この記事のまとめ
- 退職理由に一身上の都合が当てはまるのは4パターン
- 就活の専門家が退職理由に一身上の都合が問題ないかを解説
- 「一身上の都合」という理由を伝える場面と例文も紹介
会社に「一身上の都合」を使用して退職理由を伝える際、「曖昧な理由に聞こえるのでダメなのでは?」と考える人も多いのではないでしょうか。たしかに、退職理由を具体的に伝えなければ、会社側が納得せずに退職させてもらえないのではないかとイメージする人も少なくありません。
しかし、退職理由に一身上の都合を使用するのは問題なく、決してダメではありません。
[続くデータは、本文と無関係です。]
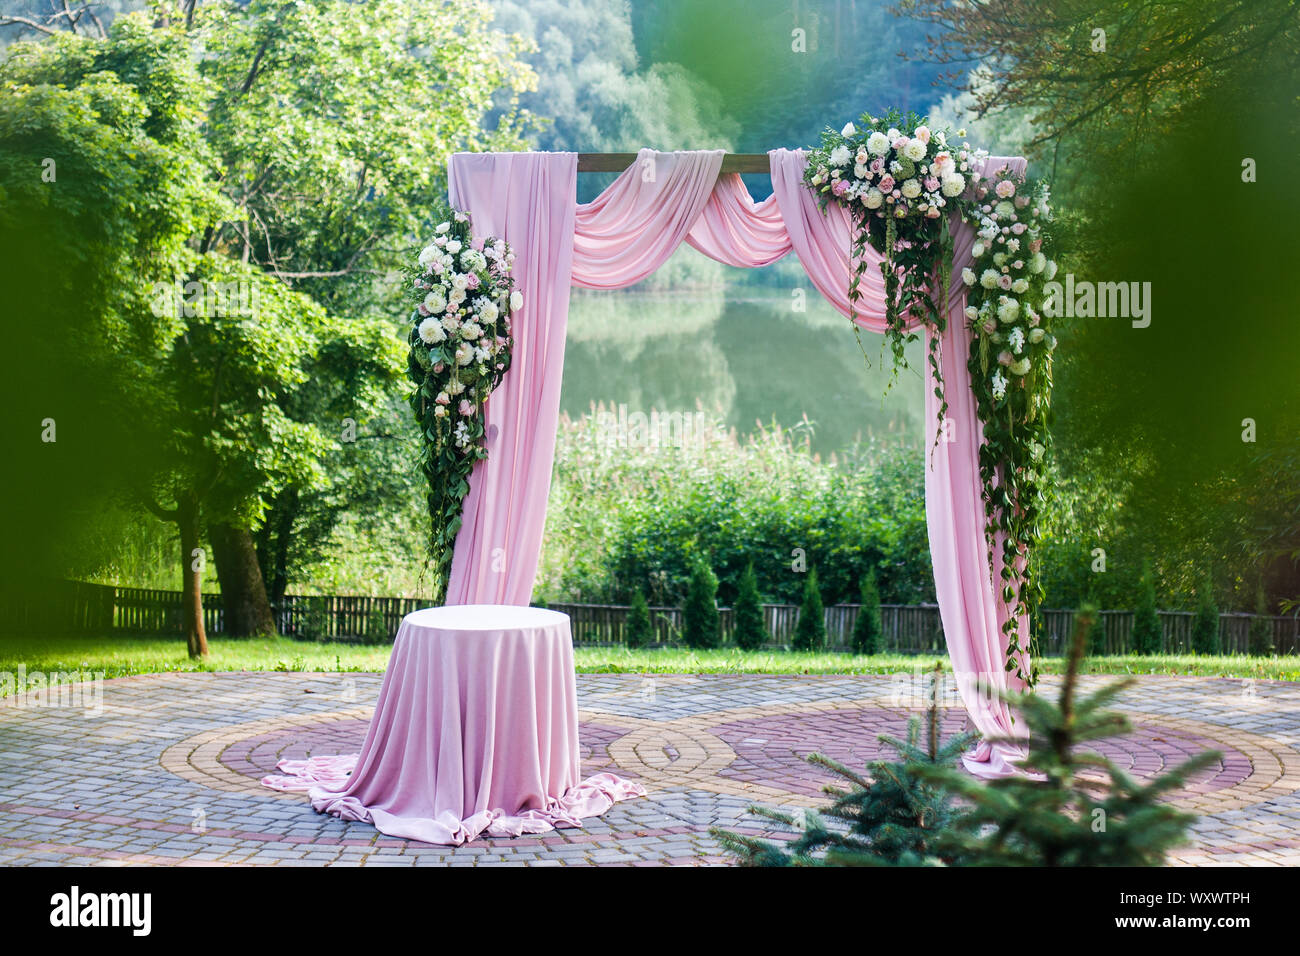 Pink wedding arch with floral white and pink decorations outside in green summer garden Stock Photo

重要なのは、自身が退職に踏み切った状況が一身上の都合に該当するのかを理解して、適切に使用することです。
記事を読んで、一身上の都合の意味を把握し、自身の退職理由に該当するかを判断していきましょう。
この記事では、社会保険労務士の涌井さん、キャリアアドバイザーの杉原さん、谷所さん、永田さんのアドバイスを交えつつ、退職理由に一身上の都合を使用しても良いのか、また該当する退職理由を解説します。
退職理由を聞かれたときの対処法と一身上の都合を使うときの例文まで解説するので、揉めごとにならずに会社を退職したい人はぜひ参考にしてくださいね。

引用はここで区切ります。